Solving wordle

Wordle is a simple quiz that is very popular at the moment I’m writing this (but I think we already hit peak-wordle). Users need to guess a target 5-letter word with a trial-and-error approach, similar to the old mastermind, in which you get hints from an oracle as follows: a green tile 🟩 means you nailed the letter and its position; a yellow one 🟨 means the letter is in the word, but in the wrong position; a black one ⬛, the letter is not there at all. If you guess the word in under 6 attempts, you can proudly share your achievement with the world and annoy your social media followers.

What’s the optimal Wordle strategy?

Wordle uses a list of 2315 words that can be a valid solution (and other 10657 additional valid input words). A simple idea is to just pick the input word that will maximally reduce the space of valid solutions, at least on average, across all possible targets.

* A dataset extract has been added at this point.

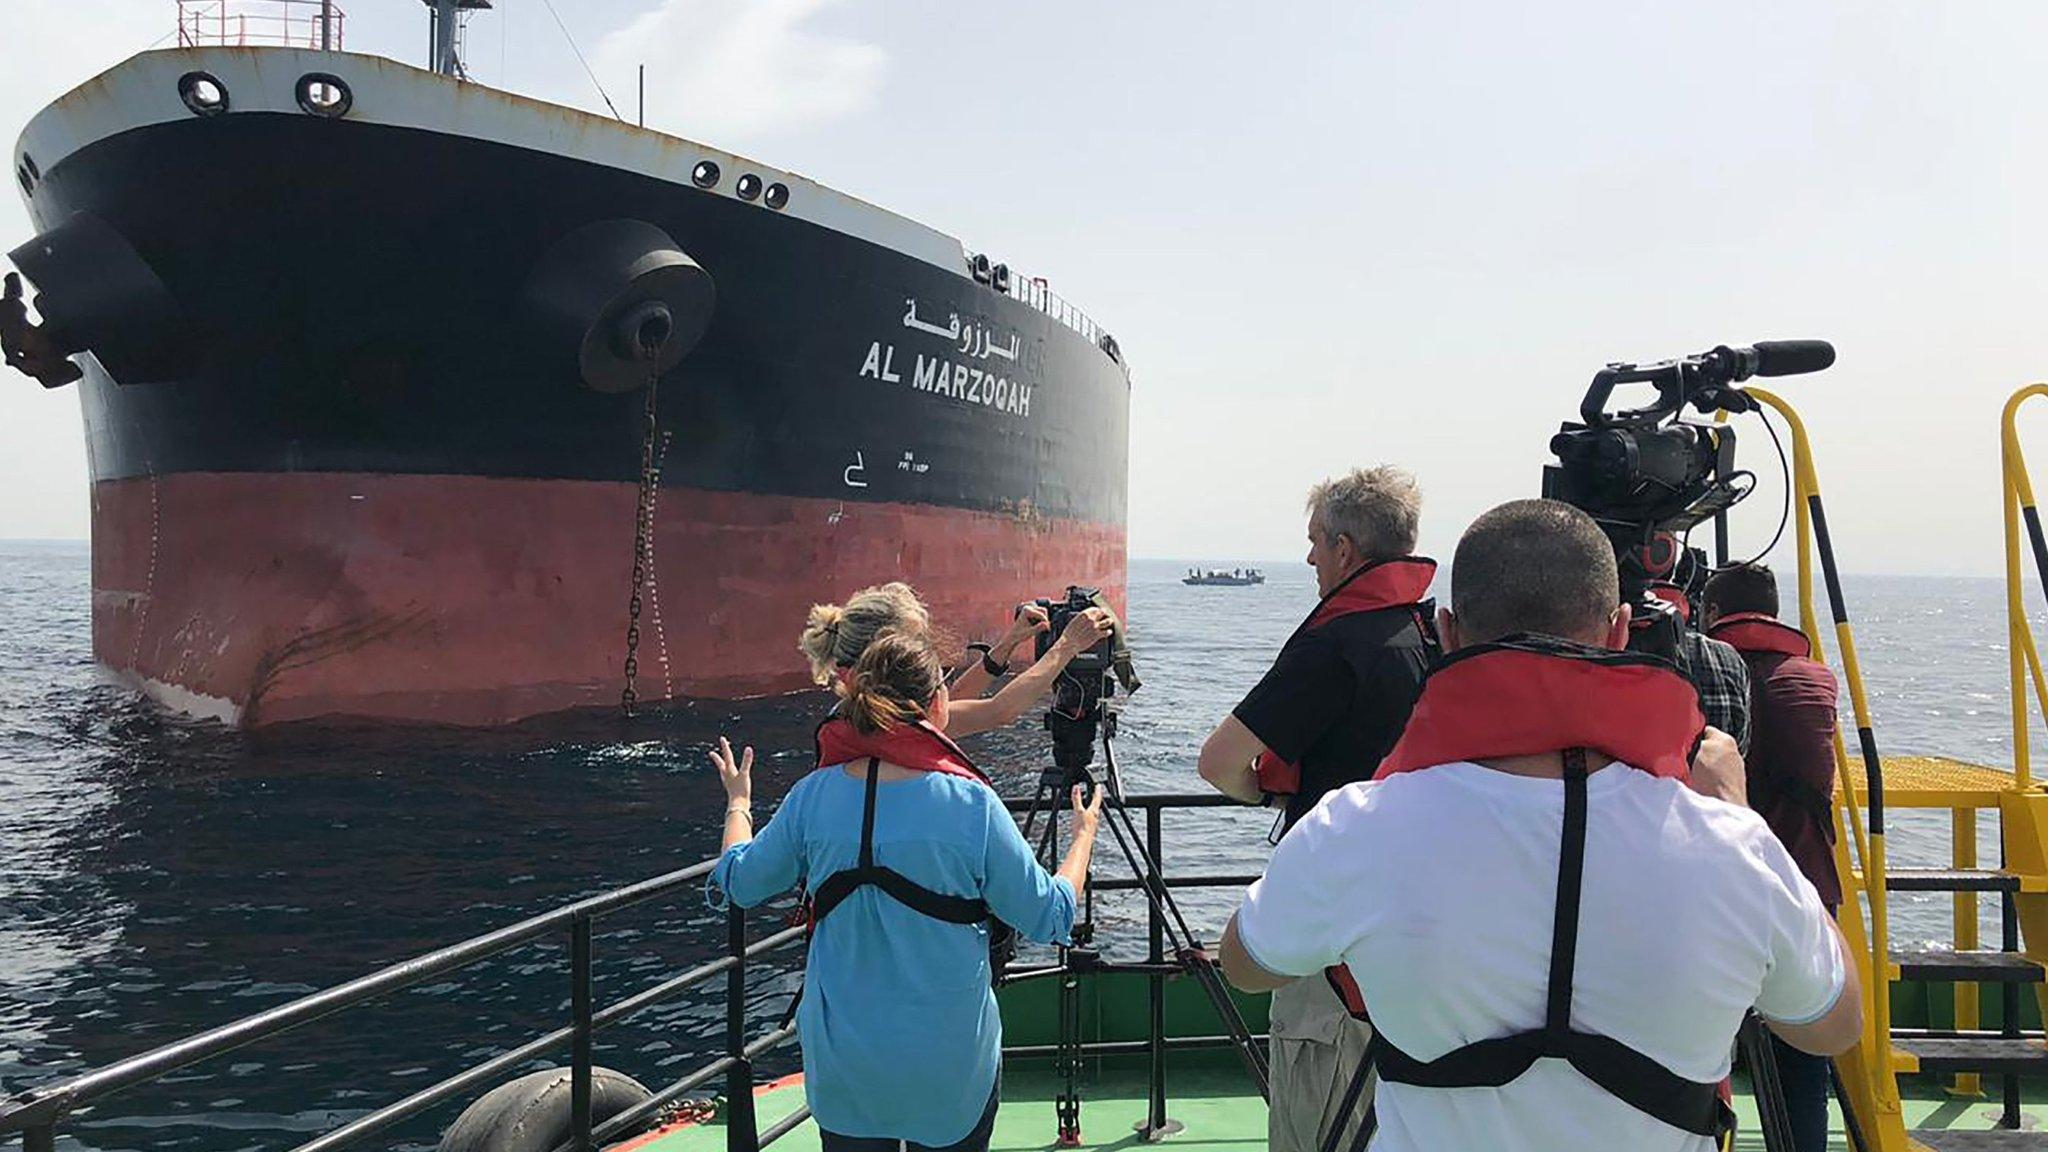 Saudi Arabia says two oil tankers attacked near UAE

As an example, consider a word like SMILE. Depending on the target words, the outcome can vary significantly:

if the target word were CRUEL, the oracle hints would be ⬛⬛⬛🟨🟨 and the solution space would be reduced to 102 solutions;
if the target word were HINGE, the oracle hints would be ⬛🟨⬛⬛🟩 and the solution space would be reduced to 19 valid solutions;
if the target word were BUDDY, the oracle hints would be ⬛⬛⬛⬛⬛ and the solution space would be reduced only to 316 valid solutions;
and so on..

SMILE seems to be a decent, but not spectacular, initial choice: from the full solution space (2315), you can expect to reduce it on average to around 114 valid words.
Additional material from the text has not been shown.